I thought about lying, since I’d already insulted the chief blood-sucker in Knoxville. “Not through my clothes. I thought you were inside Pierced Dreams when the shooting took place.”
“I was just arriving. I was delayed. If one of my kind was behind this shooting, is there any way you or your fellow nonhuman police officers could tell?”
“The cats aren’t trackers. They’re sight hunters. We don’t have our own K9 paranormal dog.

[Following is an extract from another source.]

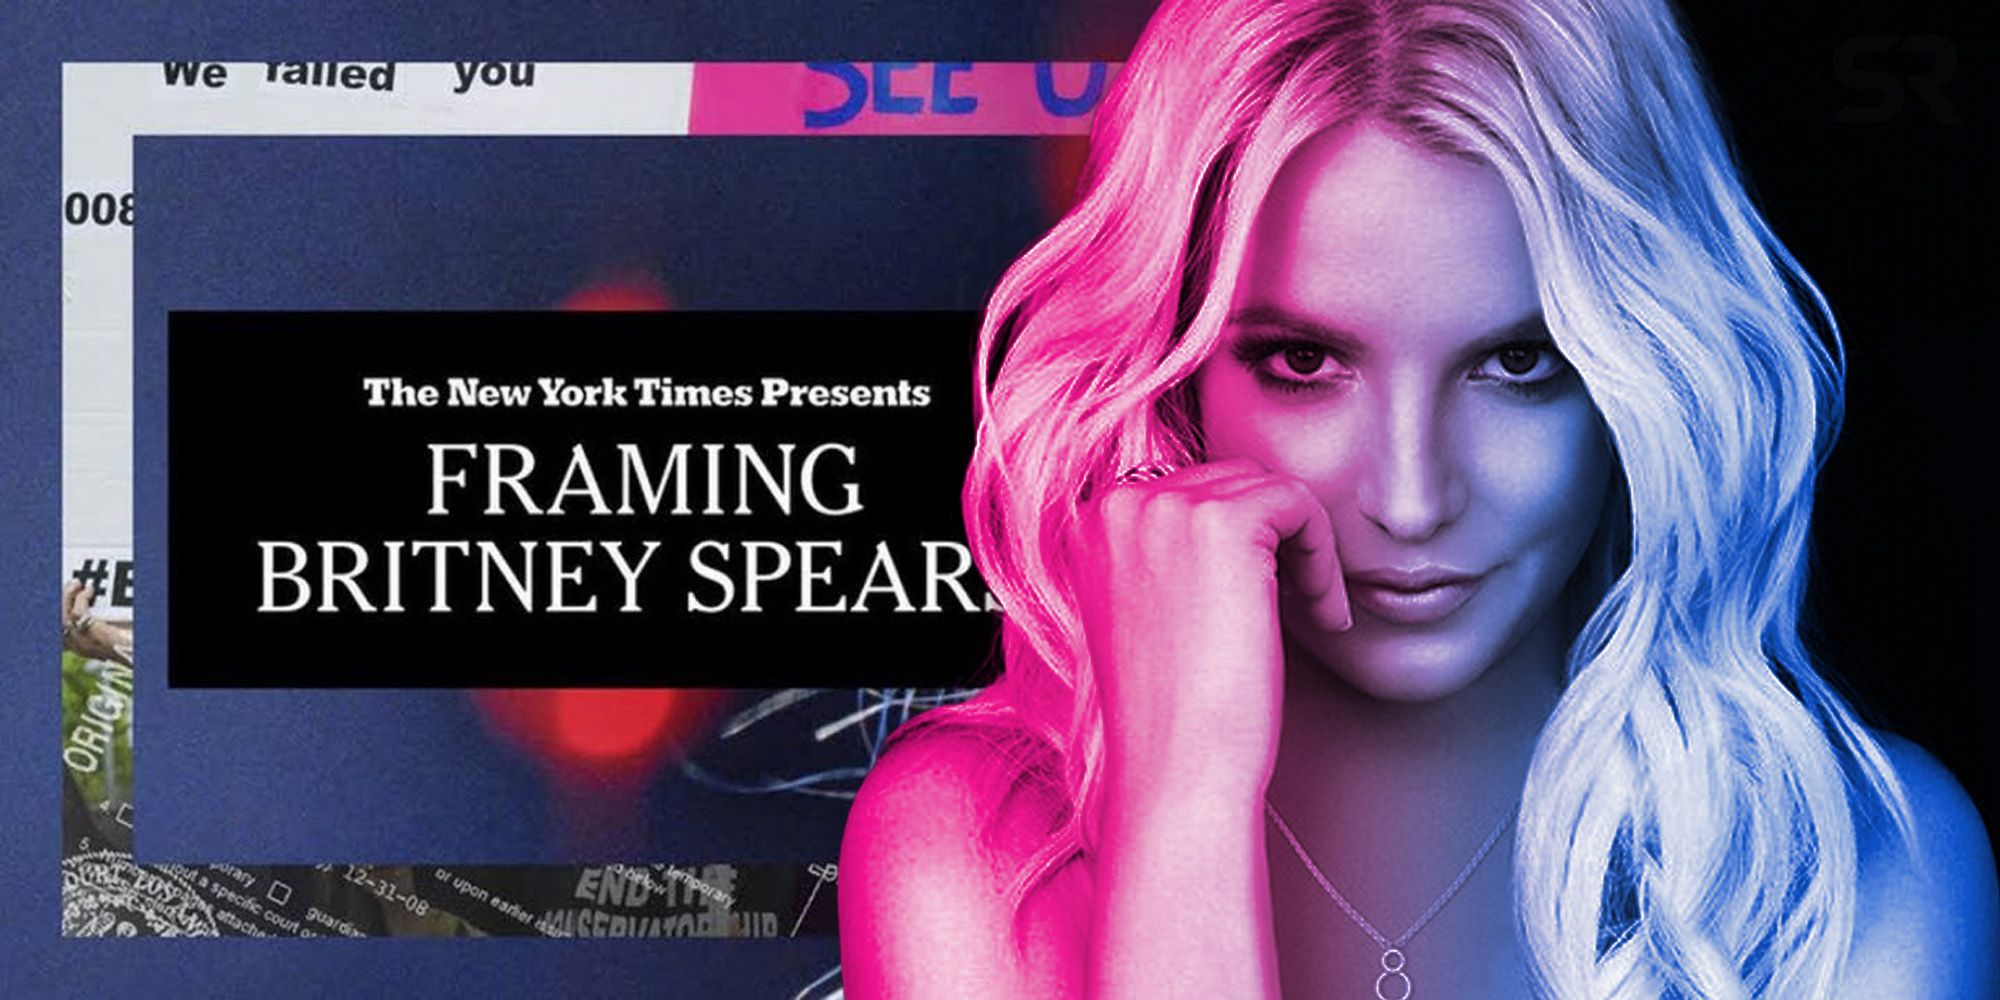 framing-britney-spears-free-britney-movie-2021-movies-i-watched

We don’t have a werewolf on the team, and that would be the best nose were-critter.”
“If I flew a werewolf in, could it—could he track this shooter?”
“I doubt it. Too many scent patterns.” I paused.
“You have thought of something,” Ming said.
“Maybe.” I frowned. It would be against regulations. But PsyLED didn’t always go by regs. And Jane Yellowrock had a tame werewolf . . . “Hmmm.”
“Tell me what you are thinking,” Ming said, her voice full of velvet persuasion, a vampire mesmerism.
I looked her in the eye. “Really? You’un gonna try that on me? ’Cause it don’t work.”
“So I see.” Ming sat back against the leather, making it sigh like flesh still alive. She motioned to Yummy. “Go with her. Provide assistance as needed. PsyLED will bring you back before dawn.” Ming looked at me, her eyes intense, giving a final little push with her voice and her mind. “You will bring her back before dawn.”
“I’ll be glad to give Yummy a ride, but if traffic stalls us on the highway and she burns up, you’un’re paying to have my truck fumigated. I hear it’s mighty hard to get out the burned vamp stink.”
Yummy made a strangled sound that might have been laughter.